Although no credit is actually given on screen, Joseph Mankiewicz ‘s Oscar-winning screenplay for All About Eve is actually based on a short story titled “The Wisdom of Eve” by Mary Orr. Actress Elisabeth Bergner related a story of an understudy attempting to use her position to undermine Bergner and make a name for herself in the process, thus inspiring Orr to create character that would eventually become the defining mid-career role for Bette Davis.
The Oscar for writing the screenplay (as well as directing All About Eve) would be the second for Mankiewicz in an unprecedented and unmatched feat in which he took home both Best Director and Adapted Screenplay Oscars in back to back years. Mankiewicz took the backbone of Orr’s story and injected with witty repartee exchanged between various theater folk that belies the seamy underbelly of ambition, disloyalty, and insecurity. This thematic duality is personified almost to excess in the person of Margo Channing—play with knowing ferocity by Bette Davis—whose projection of a caustic worldliness and temperamental arrogance is merely a mask for an extraordinarily brittle vulnerability which makes her a target for an up-and-comer with no moral compass like Eve Harrington.

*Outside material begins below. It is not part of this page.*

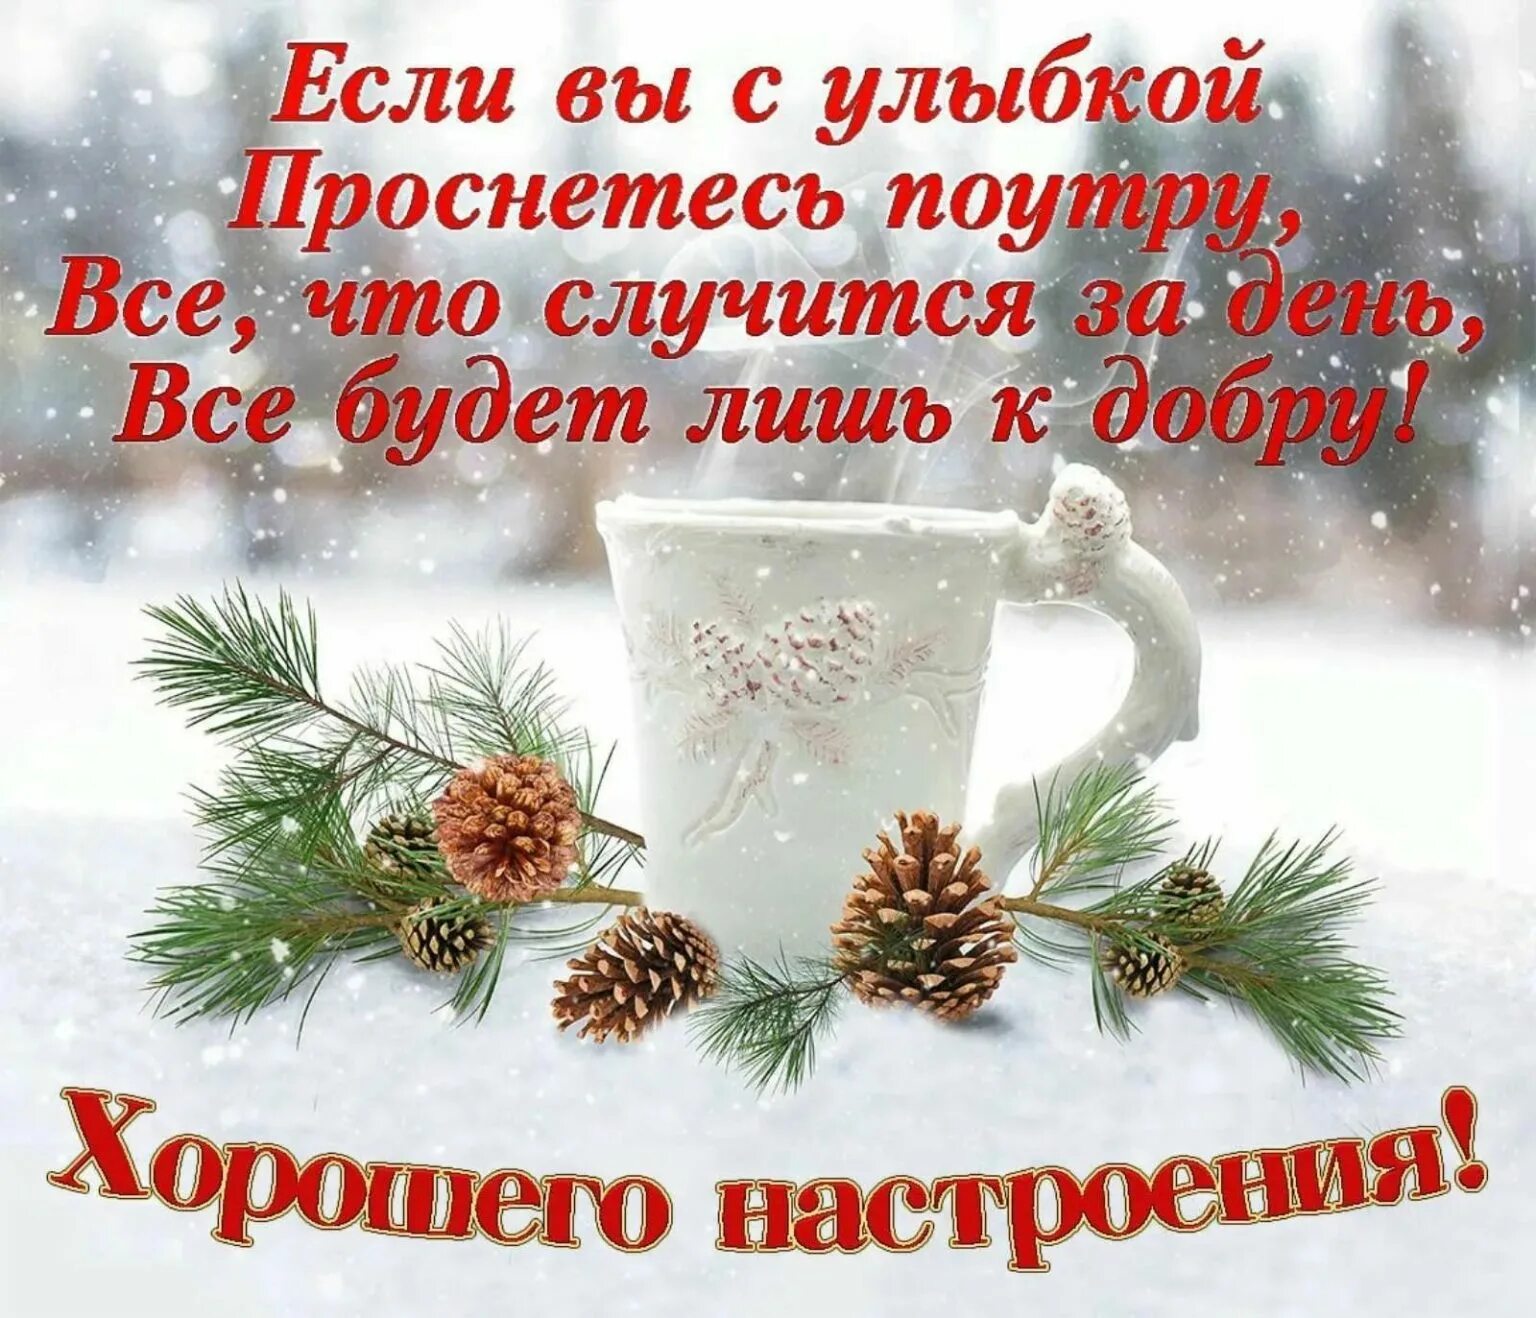 Зимние открытки с добрым утром и хорошим. Зимние поздравления с добрым утром. Красивое поздравление с зимним утром. Доброго зимнего утра и хорошего дня. Пожелания доброго зимнего утра.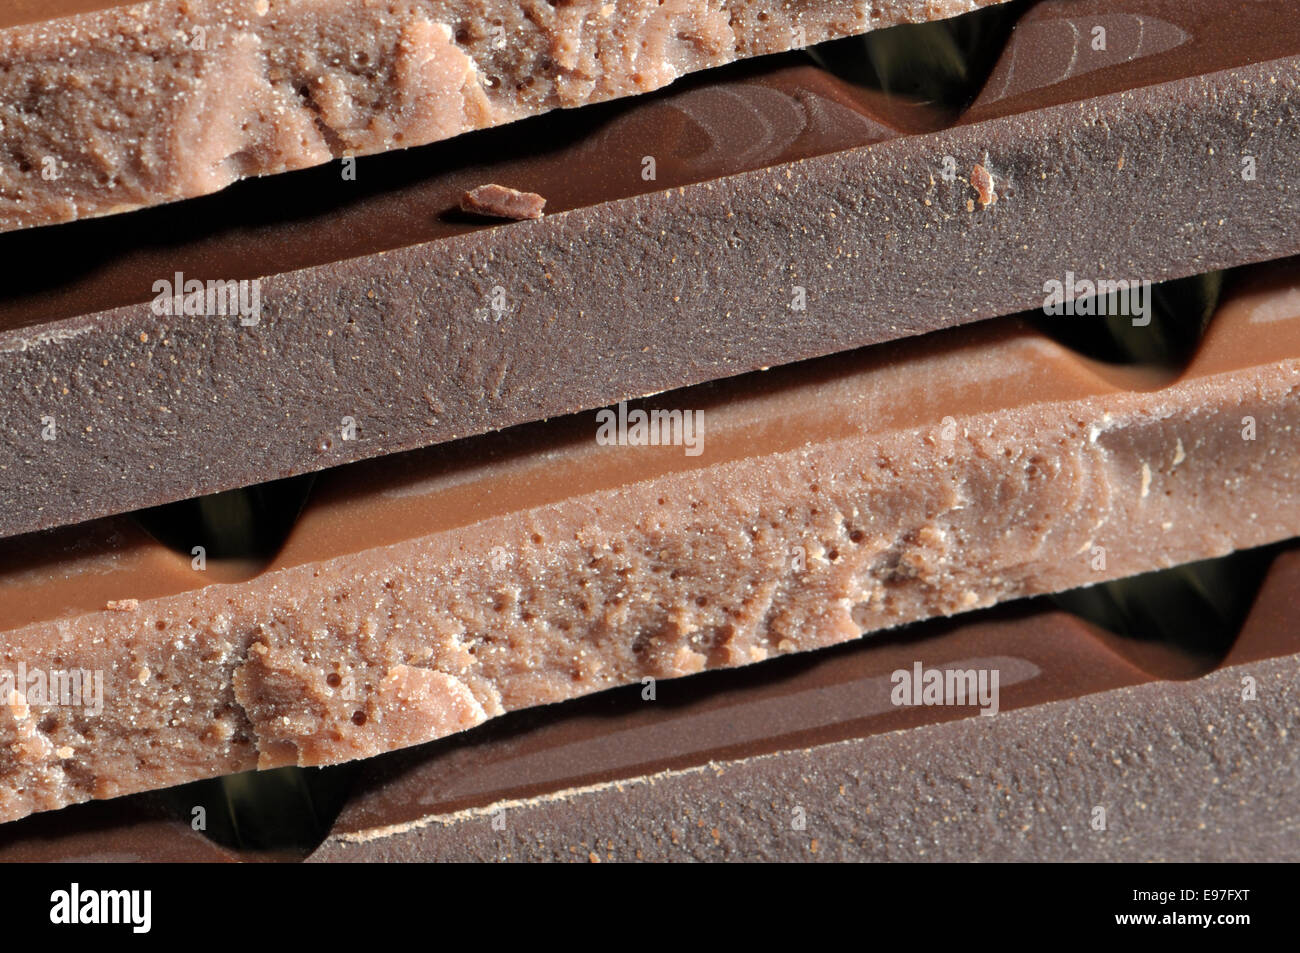 Layers of milk and dark chocolate bars Stock Photo

The result of pitch-perfect casting of actors capable of inhabiting all the darkness of Broadway that is hidden well behind the stage and red carpet glamour resulted in All About Eve becoming the corrosively cynical movie Hollywood had made since the 1937 fictionalization of the murder of Mary Phagan, They Won’t Forget.
All About Eve would eventually be nominated for a record 14 Academy Awards, a record that would stand alone until matched by Titanic in 1997. When the American Film Institute put out their first list of the top 100 American movies of all time in 1988, All About Eve came in at number 16, but fell to number 28 when the list was updated a decade later.